Eine Woche lang hab ich mit dem Support herumgeschrieben, die wollten Screenshots und DxDiag - haben sie bekommen und seitdem keine Antwort mehr von denen.
In den offiziellen Foren existieren 2 Threads zu dem Thema (seit März 2013) - ohne Lösung oder Antwort.

Ich habe via Google selbst das ein oder andere Ergebnis gefunden - nur hilft nix dabei.
Manche schreiben von einem zu langem Installationspfad, andere von Problemen mit Netgear-Routern. Dies scheint aber eher den Multiplayer zu betreffen als die Origin-Aktivierung.

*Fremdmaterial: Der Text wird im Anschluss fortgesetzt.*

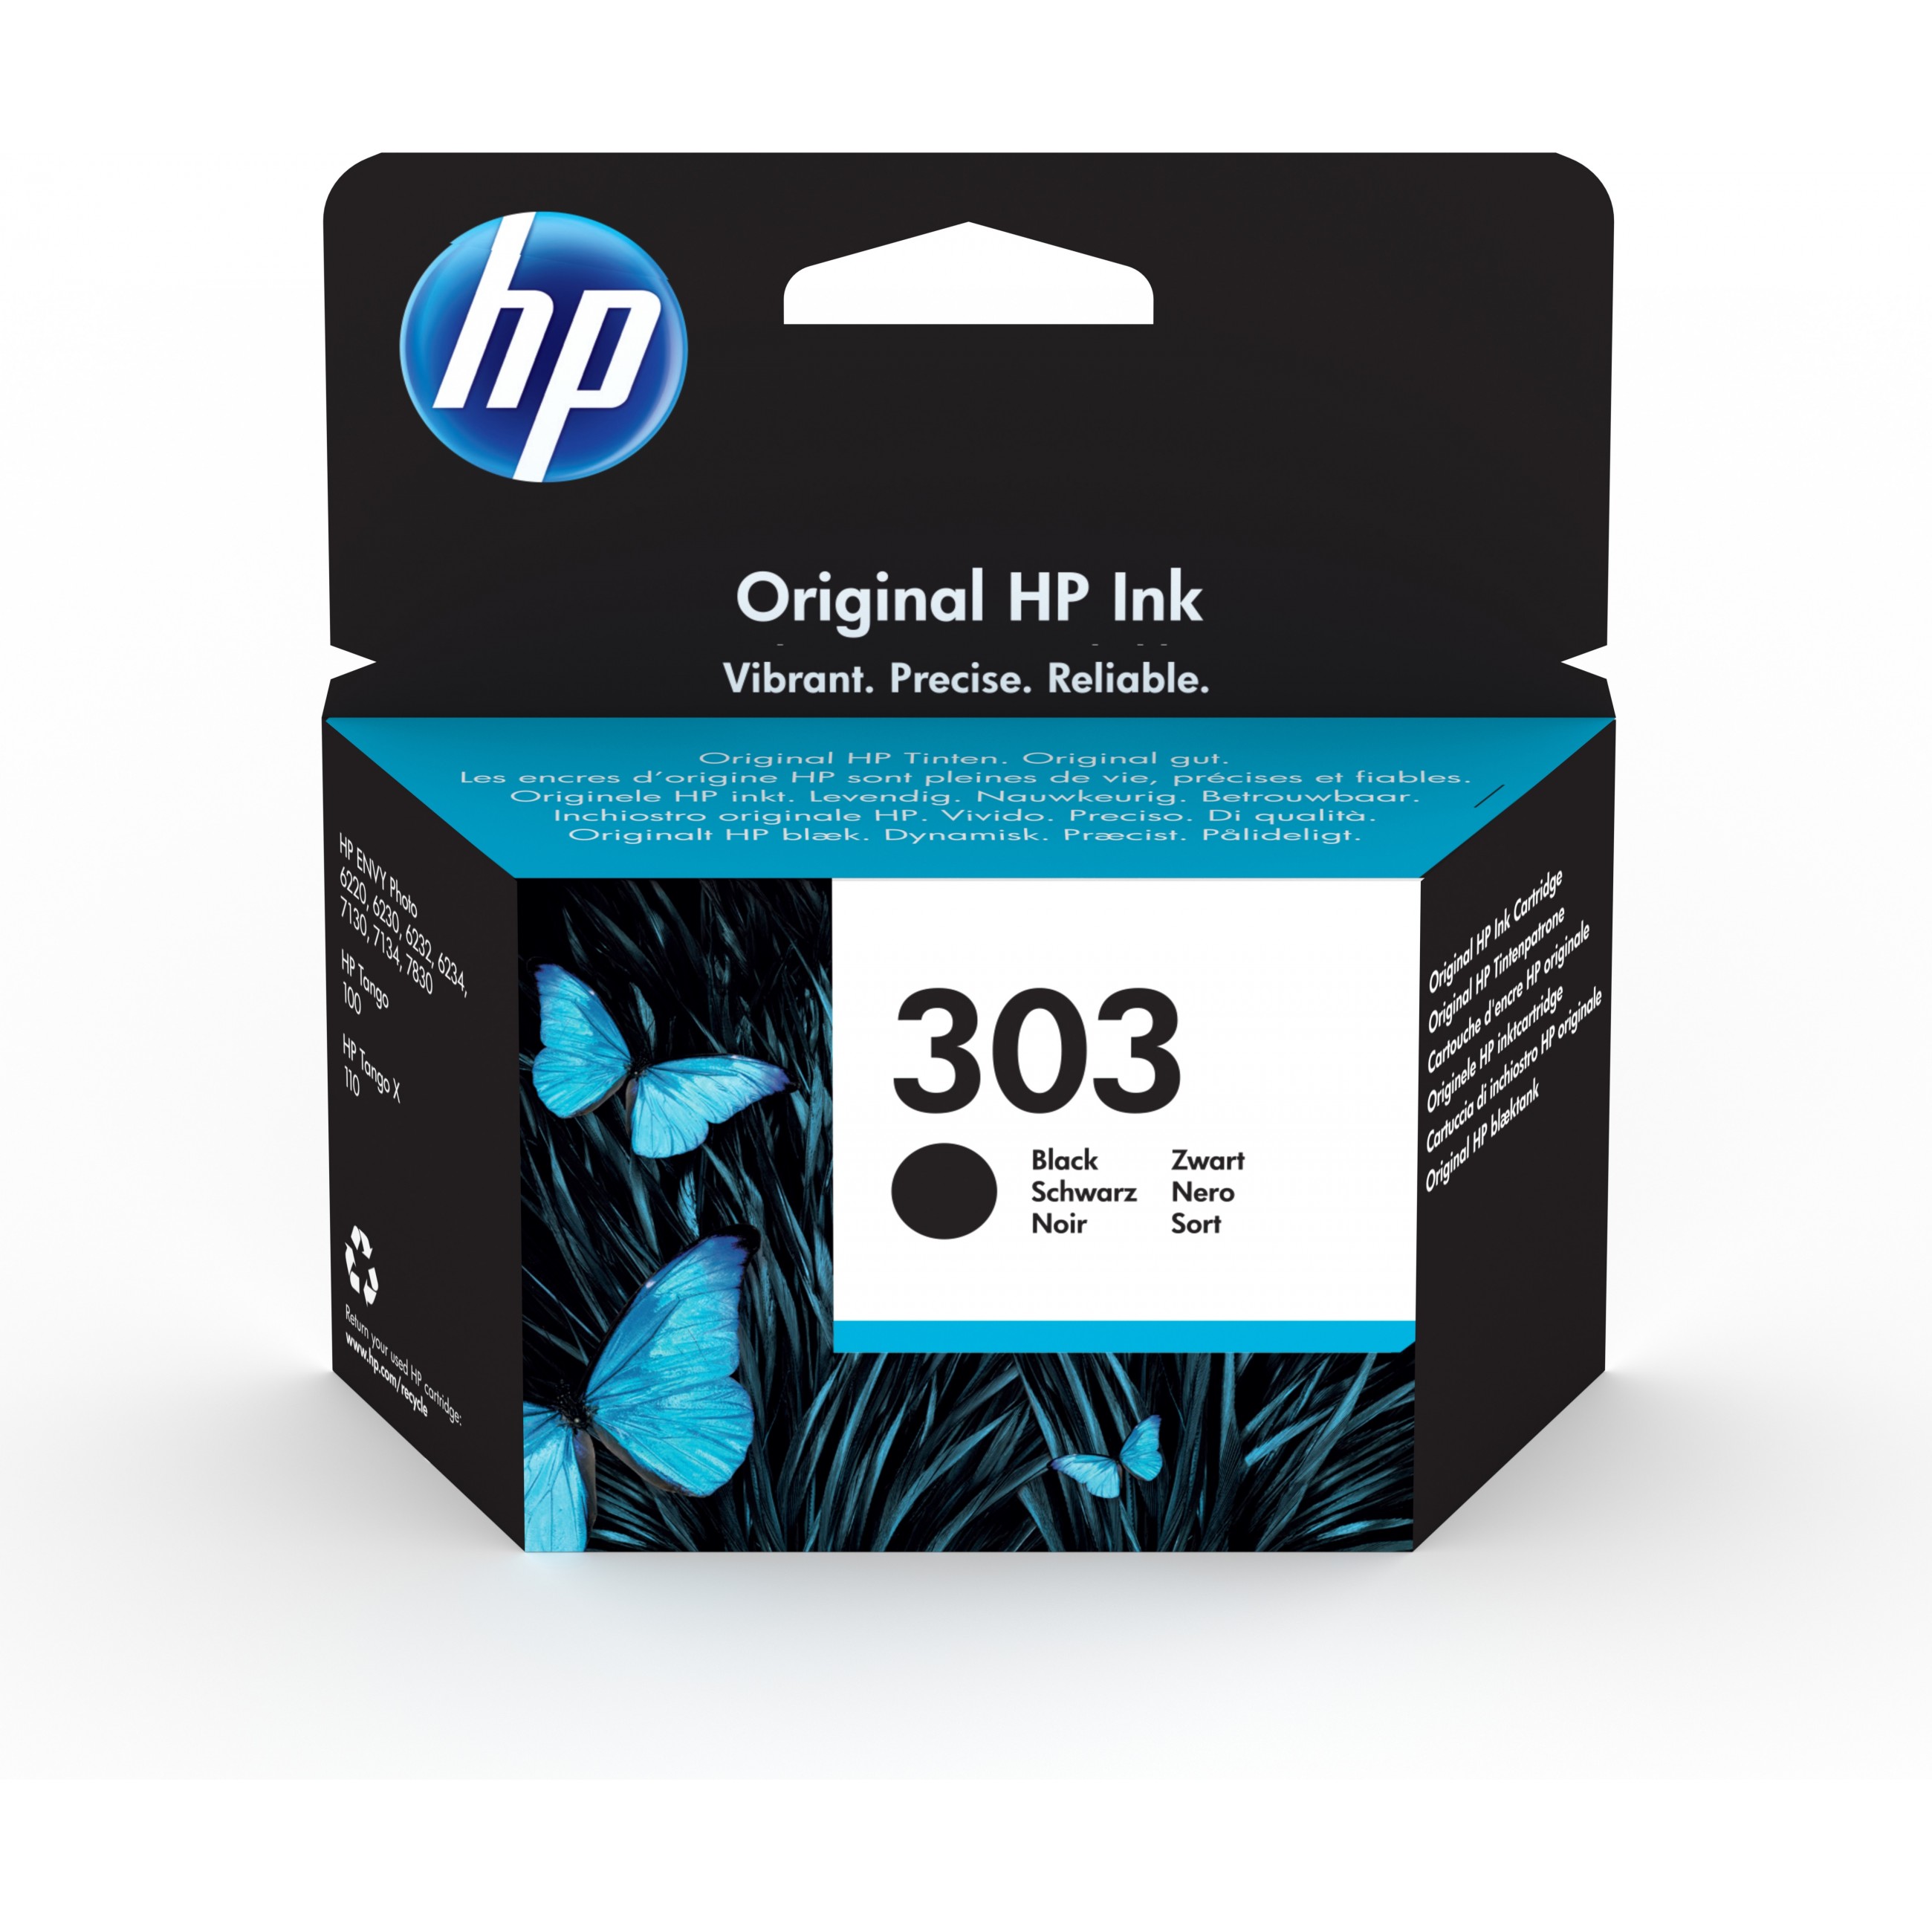 HP 303 Black Original ink cartridge - T6N02AE#UUS

Ich hab nun folgendes schon durch:
Antivirensoftware aus
Freigegeben in Firewall (Windows)
Router abgeklemmt (direkte Verbindung an Modem-Router)
Ports freigegeben, Port Forwarding,
mehrfach neu installiert, auch auf kürzeren Pfaden
Kompatibilitätsmodus, Administrator,

Es ist auch völlig wurscht was ich da eingebe - es kommt schlicht keine Verbindung.

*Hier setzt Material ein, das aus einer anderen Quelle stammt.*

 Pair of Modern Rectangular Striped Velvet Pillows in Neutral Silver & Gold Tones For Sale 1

Kennt jemand eine Lösung für das Problem? Ich hab hier im Forum schon Threads gefunden, aber das schien nicht an der Aktivierung zu liegen. Und nach den Threads soll das Game auch unter Windows 7 64 bit laufen.

Grüße

Edit: Ich rofl mich weg. Das Problem gibts seit 2011 in sämtlichen Sprachen.
http://forum.ea.com/eaforum/posts/list/7467005.page


----------



## Lelwani (15. November 2013)

*AW: C&C3 Tiberium Wars = AKtivierung nicht möglich?*

Ruf da einfach mal an dürfte ja der EA support sein hab ich auch schonma gemacht
EA Kundendienst - Support Hotlines - Spiele von EA

Das gute da können sie einfach nicht mehr nicht antworten und helfen tun sie dort eigentlich ganz gut.

is ja bei ner flat auch kostenlos die nr


----------